Tag: sick leave

COVID-19 Leave

Congress: Some Employers Must Give Paid COVID-19 Leave

On March 18, 2020, Congress passed and President Trump signed the Families First Coronavirus Response Act. This legislation includes an Emergency Paid Sick Leave Act and amendments to the Family and Medical Leave Act, along with corresponding tax credits. These provisions give some employees the right to up to 12 weeks of paid leave related to the public health emergency caused by the novel coronavirus. These COVID-19 leave entitlements will be in place beginning April 2, 2020, and end December 31, 2020.

Emergency Paid Sick Leave

The Emergency Paid Sick Leave Act gives employees the right to take up to 80 hours (less for part-time employees) for certain COVID-19 related conditions.

This sick leave is in addition to any other sick leave available to employees under employer plans or other laws. Employers cannot require employees to use other forms of paid leave before this emergency paid sick leave.

Covered Employers

The law applies to all public (governmental) employers and private employers with fewer than 500 employees.

However, employers of health care providers or emergency responders can choose to excuse those employees from the sick leave requirements.

The law also gives the Secretary of Labor the right to issue regulations that further limit the coverage, including:

  • to exclude health care providers and emergency responders; and
  • to exempt small businesses with fewer than 50 employees from the requirement to provide paid sick leave to employees to care for children whose schools are closed or child care is unavailable.

Hopefully, the Department of Labor will issue any such regulations before April 2nd.

Qualifying Conditions

Employees of covered employees can take sick leave when the employee is:

  1. subject to a Federal, State, or local quarantine or isolation order related to COVID-19;
  2. advised by a health care provider to self-quarantine due to concerns related to COVID-19;
  3. experiencing symptoms of COVID-19 and seeking a medical diagnosis;
  4. caring for an individual who is subject to a quarantine or isolation order;
  5. caring for a son or daughter if their school has been closed or their child care provider is unavailable due to COVID-19 precautions; and
  6. experiencing any other substantially similar condition specified by the Secretary of Health and Human Services in consultation with the Secretary of the Treasury and the Secretary of Labor.

Duration of Leave

Full-time employees will be eligible to take up to 80 hours of paid sick leave for the above circumstances.

Part-time employees can take up to the average number of hours they work in two weeks

The law does not clarify who qualifies as a full- vs. part-time employee. However, it seems like anyone who averages 40 hours or more could take up to 80 hours of leave. Employees who average less than that would get the number of hours they average in two weeks.

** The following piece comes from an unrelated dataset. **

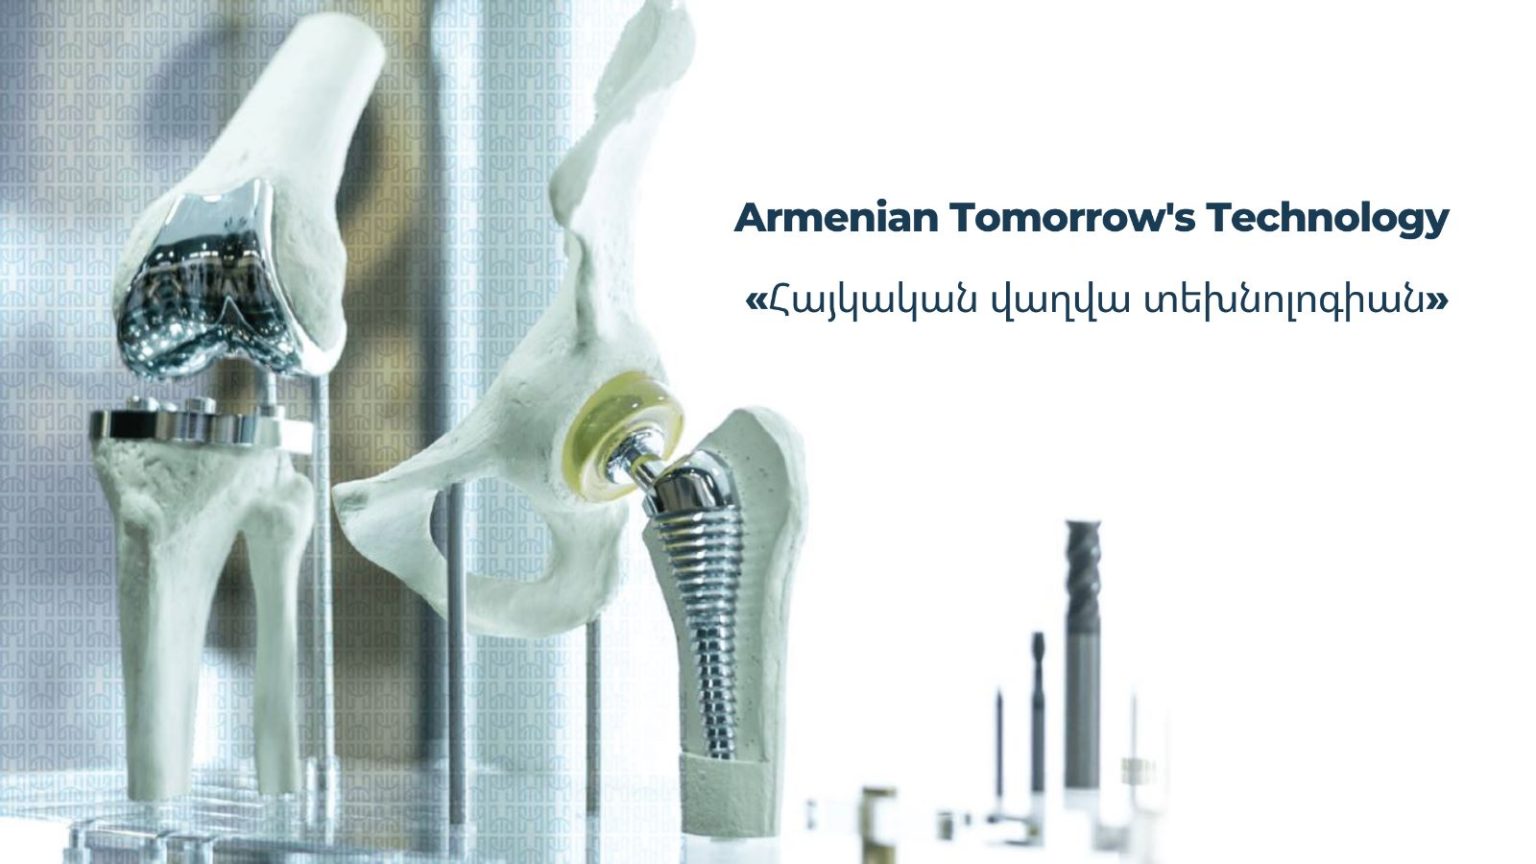 Երևանում տեղի կունենա բժշկական տեխնոլոգիաների կոնֆերանս

For part-time employees whose hours vary, employers should calculate the average number of hours the employee was scheduled to work over the past 6-months (dating back from the start of the paid sick time). Or if the employee didn’t work in the past 6 months, use the employee’s reasonable expectation of hours at the time of hiring.

Amount of Pay

Employers must pay employees on paid COVID-19 sick leave based on their “regular rate of pay” under the FLSA (assuming it is above minimum wage). There is some uncertainty about exactly what that would mean in the case of employees who receive compensation beyond base hourly and salary rates. For example, some non-discretionary bonuses and commission payments apparently would need to be factored in.

Employees will receive 100 percent of the lost wages as so determined when the leave is based on the employee’s own health situation (conditions 1-3 above). When the leave is to care for others (conditions 4-6 above), the employee will receive two-thirds of that amount.

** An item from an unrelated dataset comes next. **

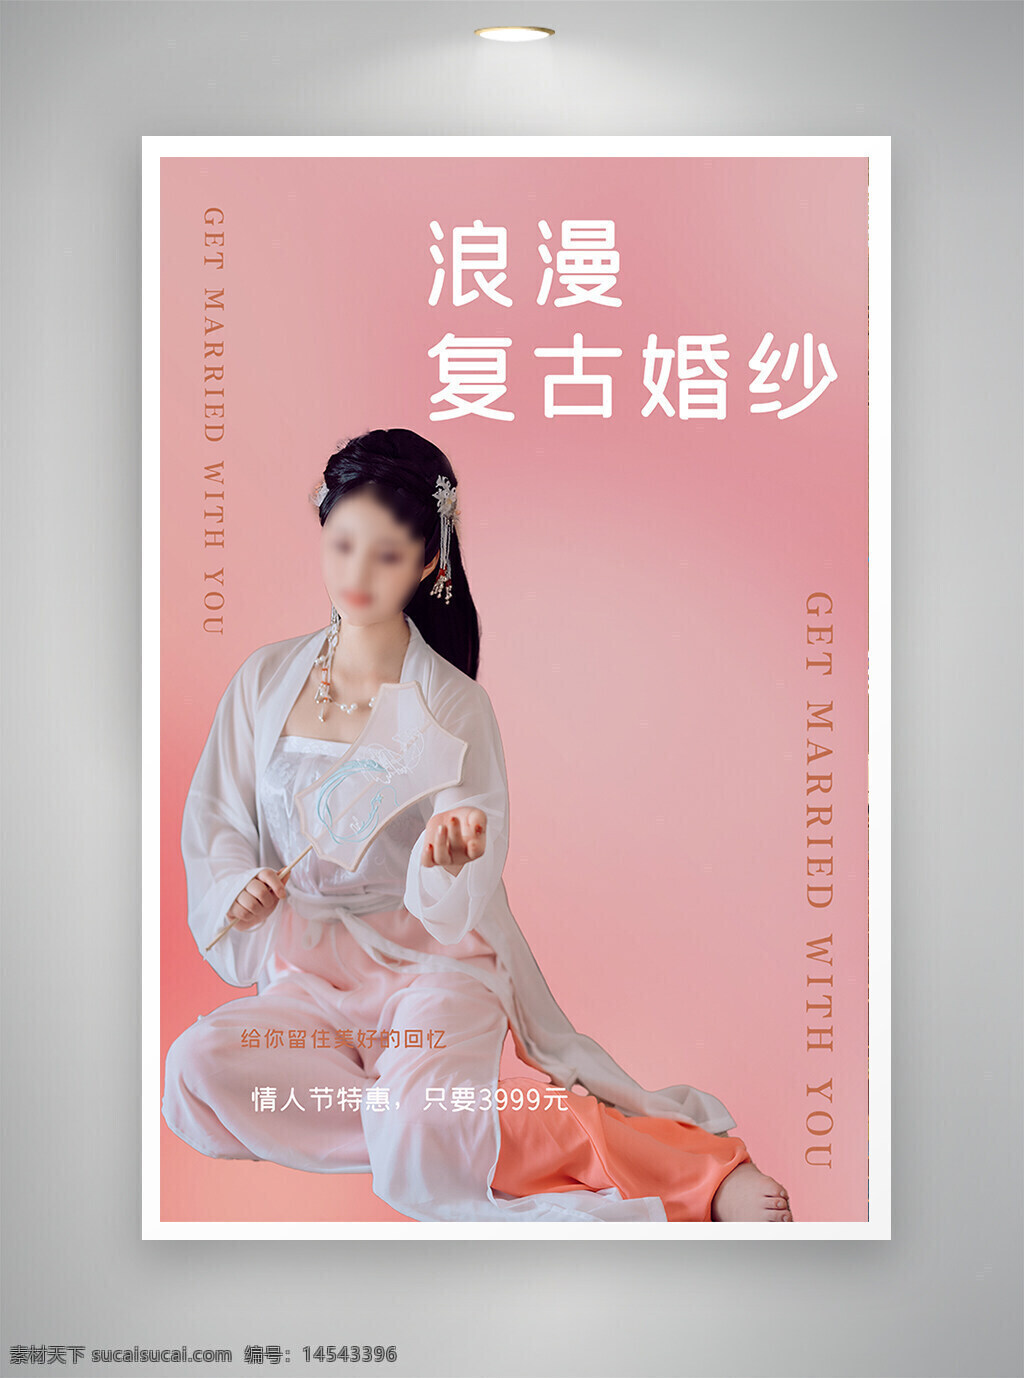 中国风海报 促销海报 节日海报 古风海报 复古婚纱
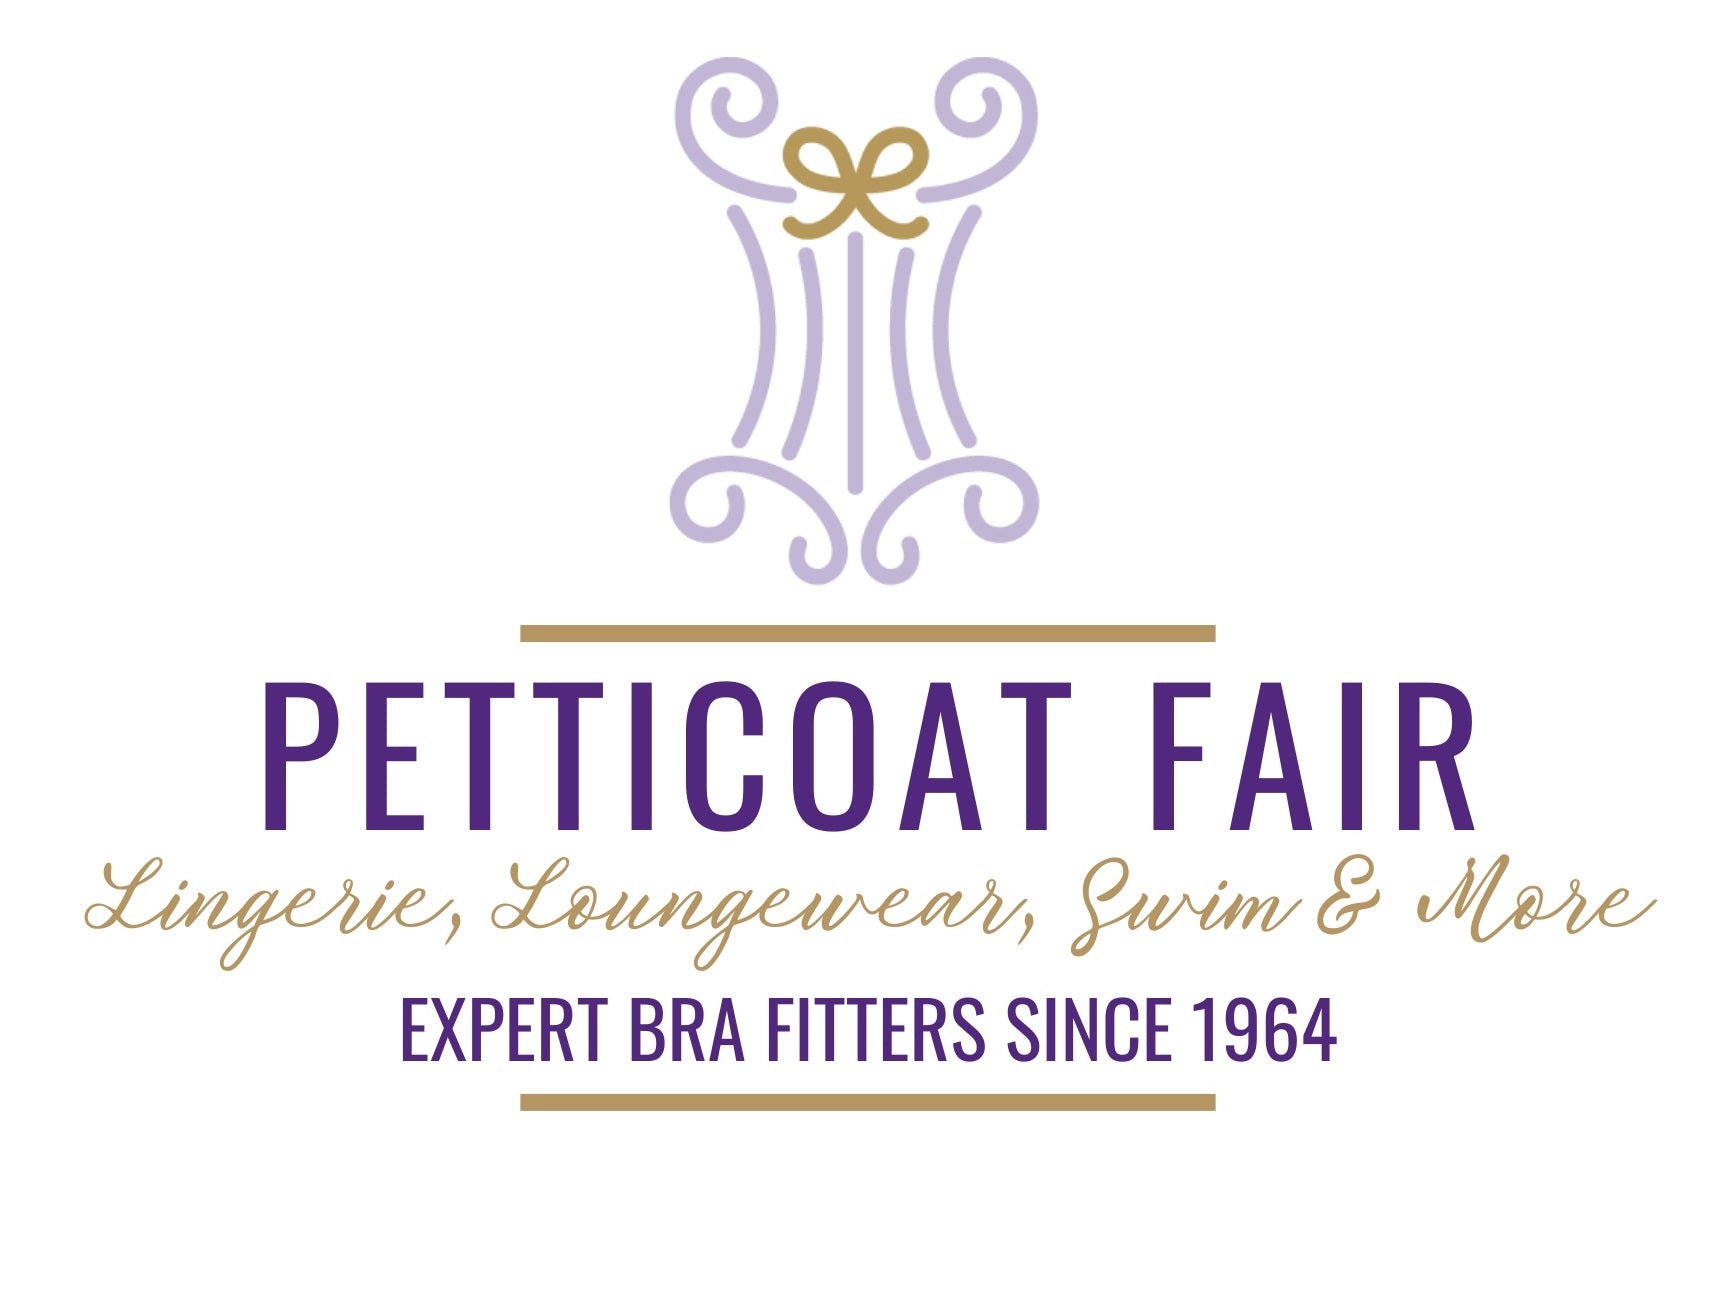 Petticoat Fair

Sick leave pay under the law is capped at $511 per day ($5,110 total) when the leave is based on the employee’s own health situation (conditions 1-3 above). The cap is lower, $200 per day ($2,000 total), when the employee needs to care for others (conditions 4-6 above).

Additional Conditions

Before the law takes effect, the Department of Labor will issue a model notice for employers to post. The notice will advise employees of the requirements of the Emergency Paid Sick Leave Act.

Employers who do not provide the required paid sick leave will be liable for the unpaid leave benefits plus additional penalties available for violations of the Fair Labor Standards Act.

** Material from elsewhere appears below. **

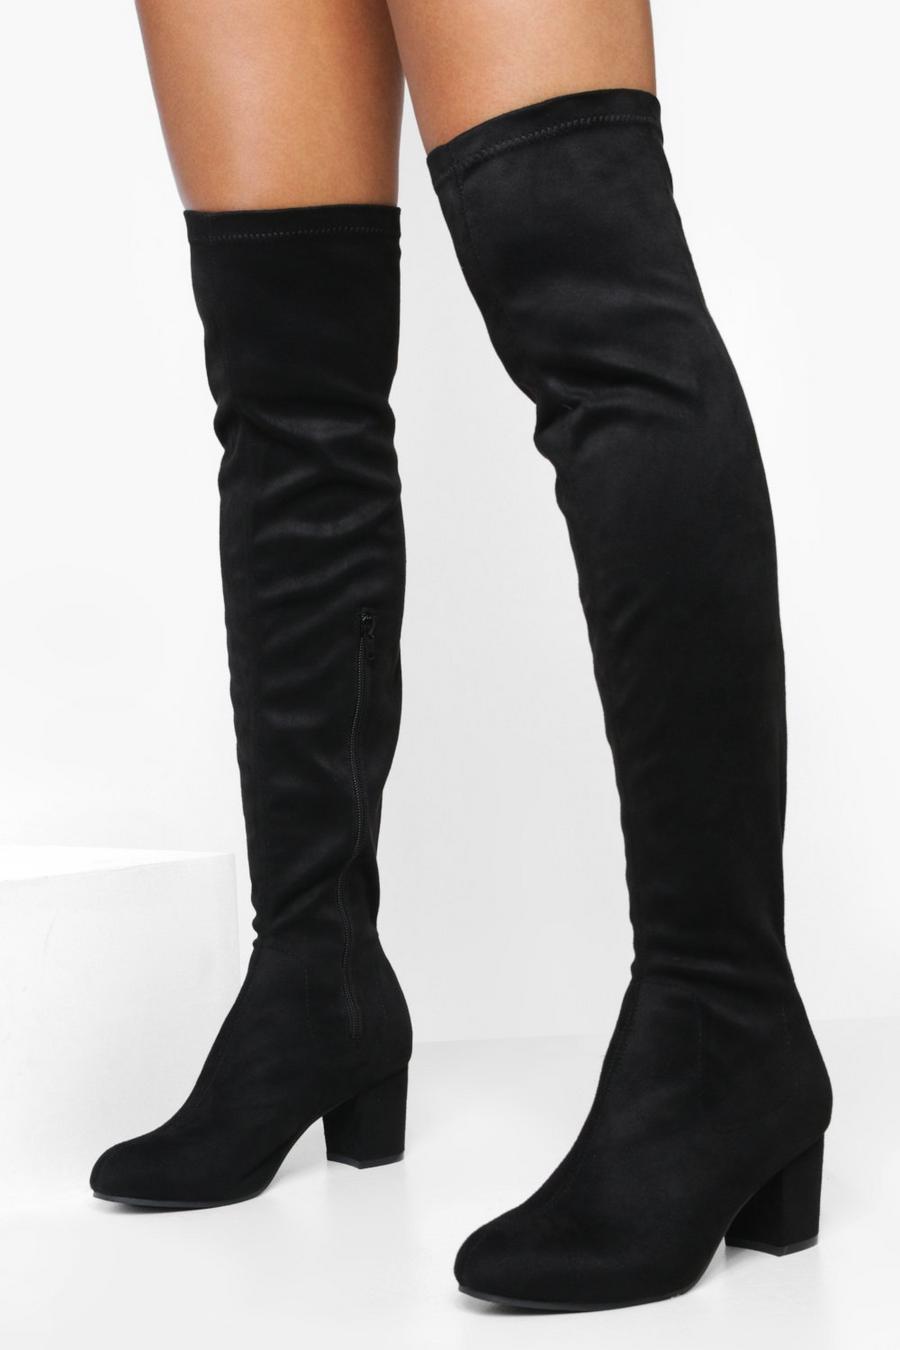 Stivali elasticizzati alti al ginocchio con tacco largo, Nero black

Employers may not discriminate against employees who take paid sick leave related to COVID-19 or require employees to find coverage for their shifts.

The law only stays in effect until December 31, 2020. Thus, not surprisingly, there is no carryover of unused paid sick leave. Employers do not have to pay out unused leave under this law upon separation from employment.

Emergency Family and Medical Leave Expansion Act

This legislation temporarily amends the FMLA only until December 31, 2020. While in effect, it provides a combination of paid and unpaid leave related to COVID-19 issues.

Covered Employers

The pre-existing FMLA unpaid leave requirements effectively only apply to employers with at least 50 employees. The new COVID-19 leave provisions will apply to private (non-government) employers with less than 500 employees, as well as all government entities.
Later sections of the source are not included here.